The above two jobs are two typical jobs of Lifelong-MoE, and they also extend the LLM capabilities of the two companies. But it is worth mentioning that MoE LLM is actually divided into two groups from the starting point of training, namely from scratch and from pretrained, while GPT4 is said to be a set of 8 Experts from scratch, which in a sense may be more like returning At the ensemble stage, it is more about business results than the continuous evolution of LLM.
There is a problem with MoE
Lifelong-MoE seems to be very useful, but nothing is perfect. However, the MoE method itself still has some problems. The following is a brief introduction, which can also be regarded as a discussion of the direction of subsequent evolution.
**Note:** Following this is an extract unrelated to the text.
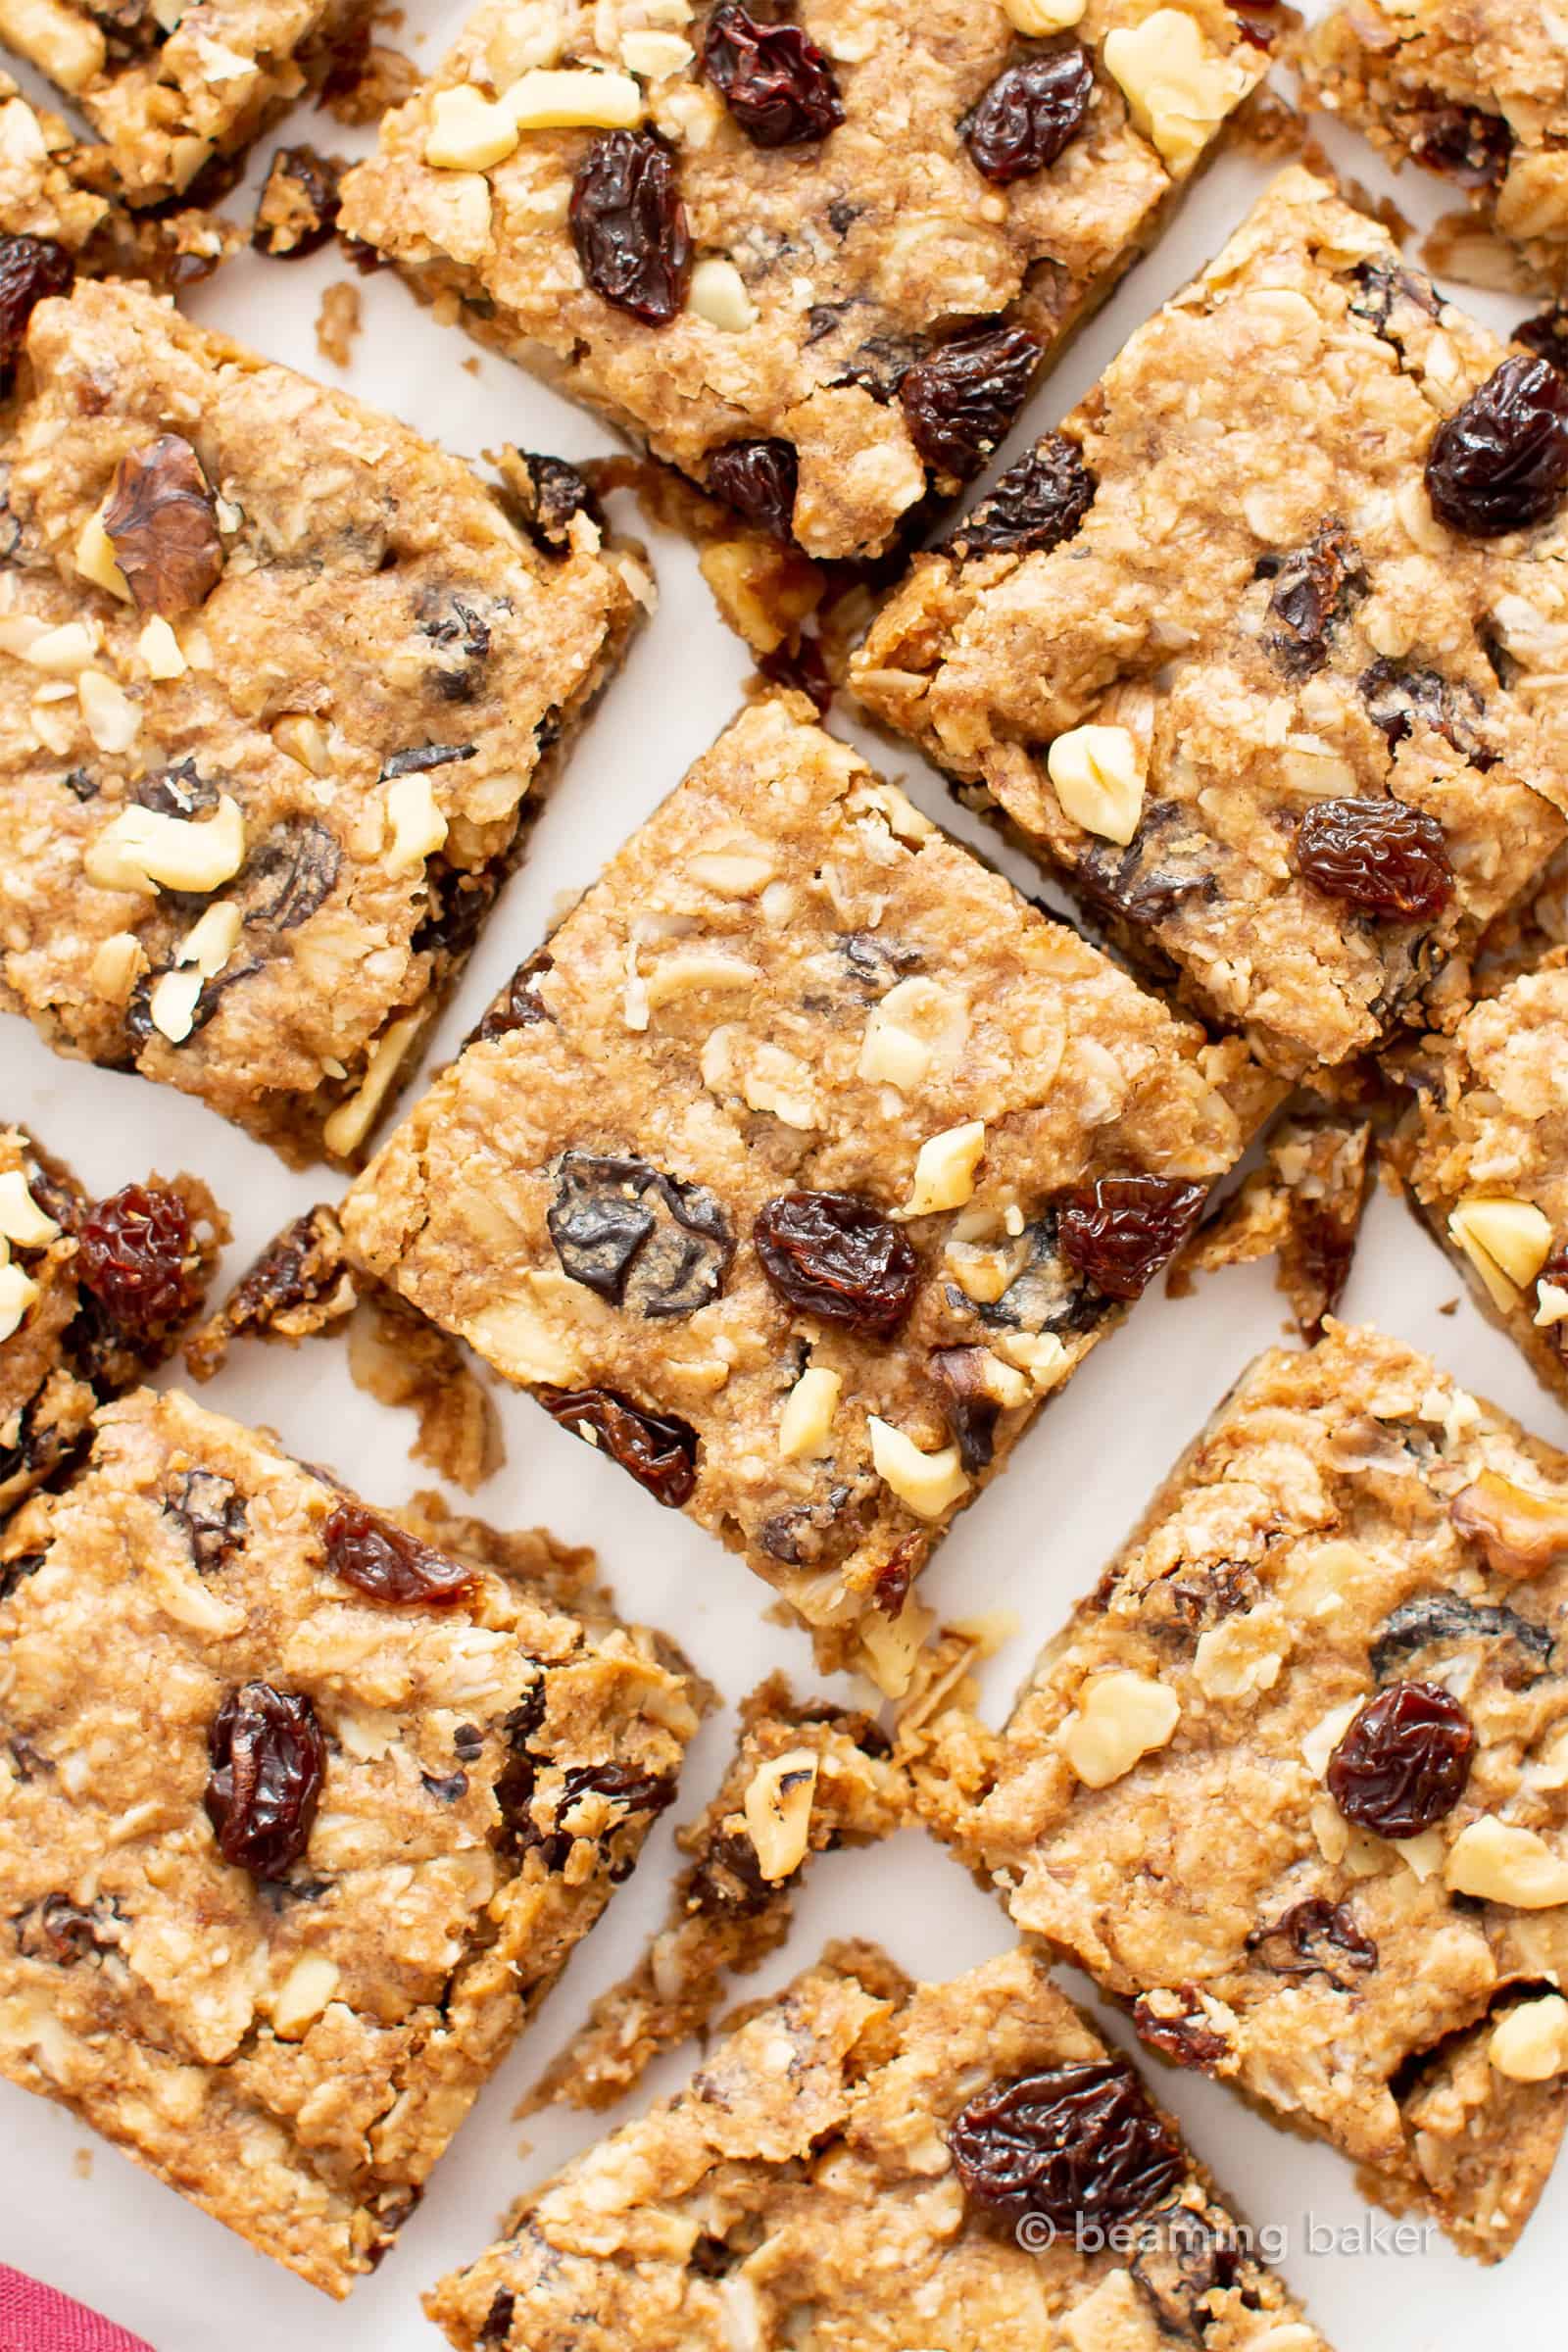 The BEST Vegan Oatmeal Raisin Bars Recipe: chewy centers, crispy edges, packed with raisins & oats! The ultimate gluten free oatmeal cookie bars—healthy, homemade & easy! #Oatmeal #Vegan #GlutenFree #Cookies | Recipe at BeamingBaker.com

- MoE structural complexity
Transformer's MoE will perform MoE expansion on the FFN layer, but the Transformer structure itself also has a Multihead Attention structure, which makes the MoE expansion an intrusive transformation of the Transformer structure, regardless of whether it is an intrusive transformation of parallelization before training or the training is completed. Subsequent extraction of sub-models will require a lot of manpower due to the complex structure.
- Expert balancing
There will always be some tasks or fields that account for the majority of all data, and there will definitely be long-tail data. Using equal parameter amounts and random gating for forced balanced distribution actually harms the model's ability to fit the real world. The winner takes all determined by the characteristics of the neural network. Gating Network can learn to naturally allocate data towards several experts with better fit. This still requires a lot of attempts and research, which may be alleviated or solved.
- Distributed communication issues
Current LLM pre-training must use distributed parallel segmentation, and the difference between the MoE structure and the ordinary Dense model is that it requires additional AllToAll communication to implement data routing (Gating) and result recycling. AllToAll communication will cross Node (server) and pod (routing), causing a large number of communication blocking problems.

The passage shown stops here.